Gubernur Lampung Terbitkan SE Tentang Salat Idul Fitri 1442 H di Masjid dan Lapangan

3922

HEADLINELAMPUNG, BANDAR LAMPUNG-Gubernur Lampung, Arinal Djunaidi kembali menerbitkan surat edaran (SE) terkait pelaksanaan sholat Idul Fitri 1 Syawal 1442 H 2021.

Dalam SE Nomor 045.2/ 1807 /02/2021
yang diterbitkan pada tanggal 10 Mei 2021. Arinal memperbolehkan umat muslim diseluruh daerah Provinsi Lampung melaksanakan shalat id di Masjid atau di lapangan.

Dengan syarat dinyatakan aman dari Covid-19 yaitu Zona Hijau dan Zona Kuning berdasarkan penetapan Satgas Covid-19 di wilayah masing-masing Kabupaten/Kota.

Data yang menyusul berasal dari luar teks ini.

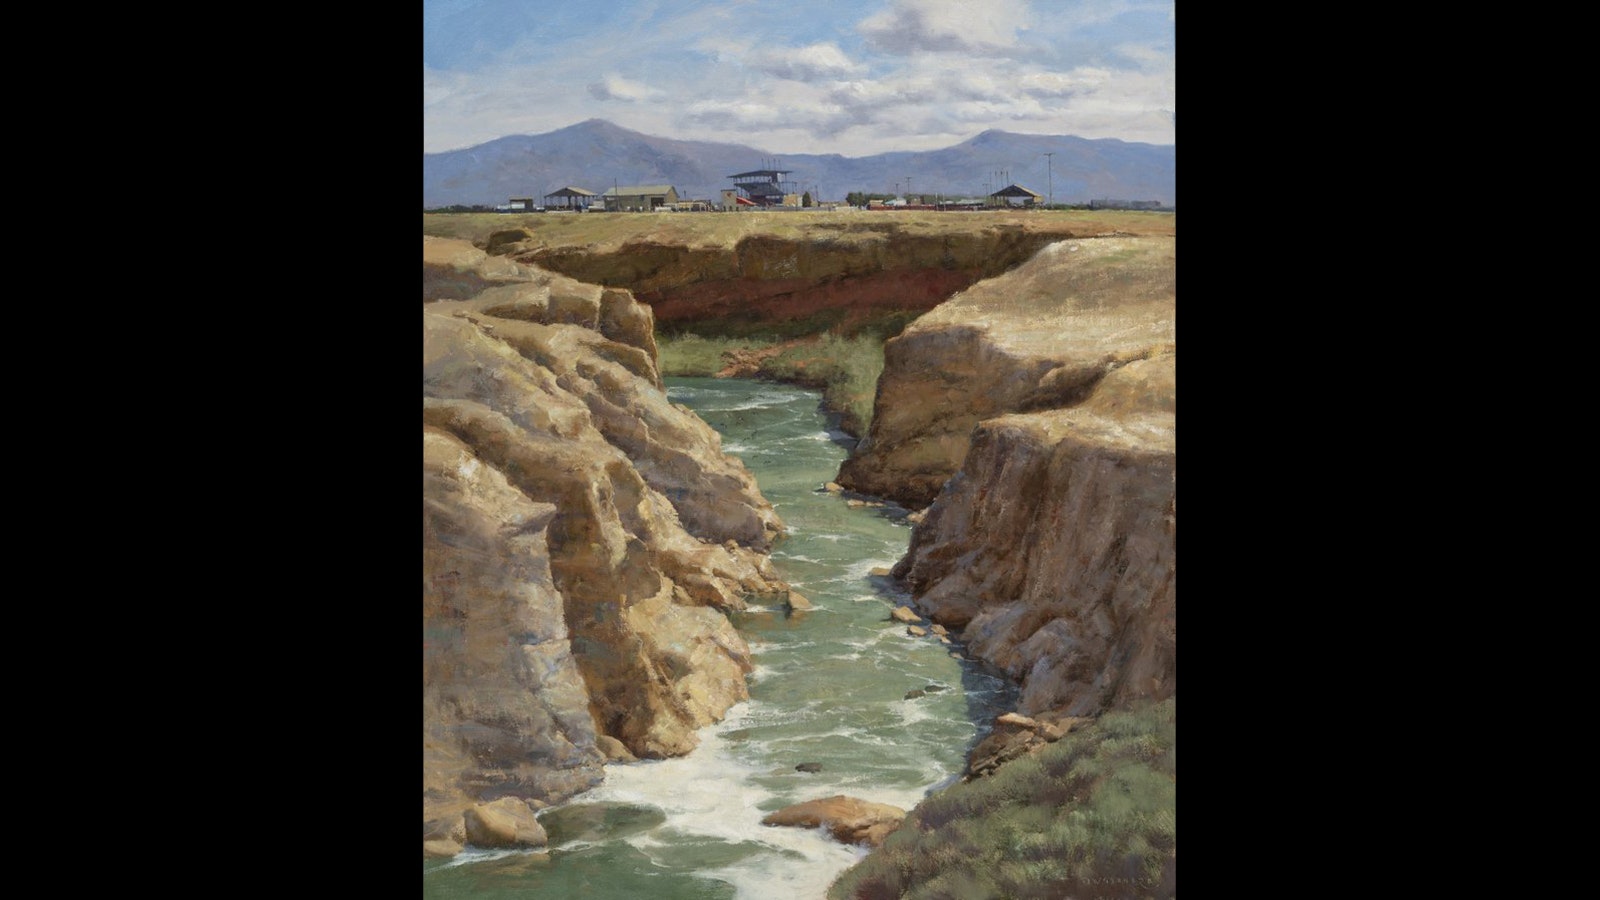 The River and the Rodeo, Cody" by Donald Demers

Hal ini atas dasar menindaklanjuti SE Menteri Agama Republik Indonesia Nomor SE.07 Tahun 2021 tanggal 6 Mei 2021 tentang Panduan Penyelenggaraan Shalat Idul Fitri Tahun 1442 Hijriah/2021 di saat Pandemi Covid-19 yang beberapa hari lalu tayang di media headline Lampung oleh Kepala Kanwil Kemenag Lampung, Juanda Naim.

Adapun isi poin SE yang diterbitkan Gubernur Lampung yakni dalam rangka memberikan rasa aman kepada umat Islam dalam penyelenggaraan Sholat Idul Fitri Tahun 1442 H/2021, maka dengan ini disampaikan ha-hal sebagai berikut :

1. Malam Takbiran menyambut Hari Raya Idul Fitri dalam rangka menggaungkan asma Allah, pada prinsipnya dapat dilaksanakan di semua masjid dan mushala dengan ketentuan sebagai berikut:

a. Dilaksanakan terbatas maksimal 10% dari kapasitas masjid, mushala, dengan memperhatikan Protokol Keschatan Covid-19 secara ketat;
b. Kegiatan Takbir Keliling ditiadakan untuk mengantisipasi keramaian;
c. Kegiatan Takbir dapat disiarkan secara virtual dari masjid dan mushala sesuai ketersediaan perangkat telekomunikasi di masjid dan mushala.

BACA JUGA:  Disperindag Lampung Awasi SNI Garam dan Bagikan Masker di Pulau Legundi Pesawaran

2. Shalat Idul Fitri 1 Syawal 1442 H/2021 di daerah yang mengalami tingkat penyebaran Covid-19 tergolong tinggi (Zona Merah dan Zona Oranye) agar dianjurkan dilakukan di rumah masing- masing, sejalan dengan Fatwa Majelis Ulama Indonesia dan ormas-ormas Islam lainnya;

3. Shalat Idul Fitri 1 Syawal 1442 H/2021 dapat diadakan di masjid dan lapangan hanya di daerah yang dinyatakan aman dari Covid-19 yaitu Zona Hijau dan Zona Kuning berdasarkan penetapan Satgas Covid-19 di wilayah masing-masing Kabupaten/Kota;

4. Penetapan Zona Resiko Covid-19 Kabupaten/Kota ditetapkan Oleh Satuan Tugas Penanganan Covid-19 Nasional secara Mingguan di Website www.Covid19.go.td.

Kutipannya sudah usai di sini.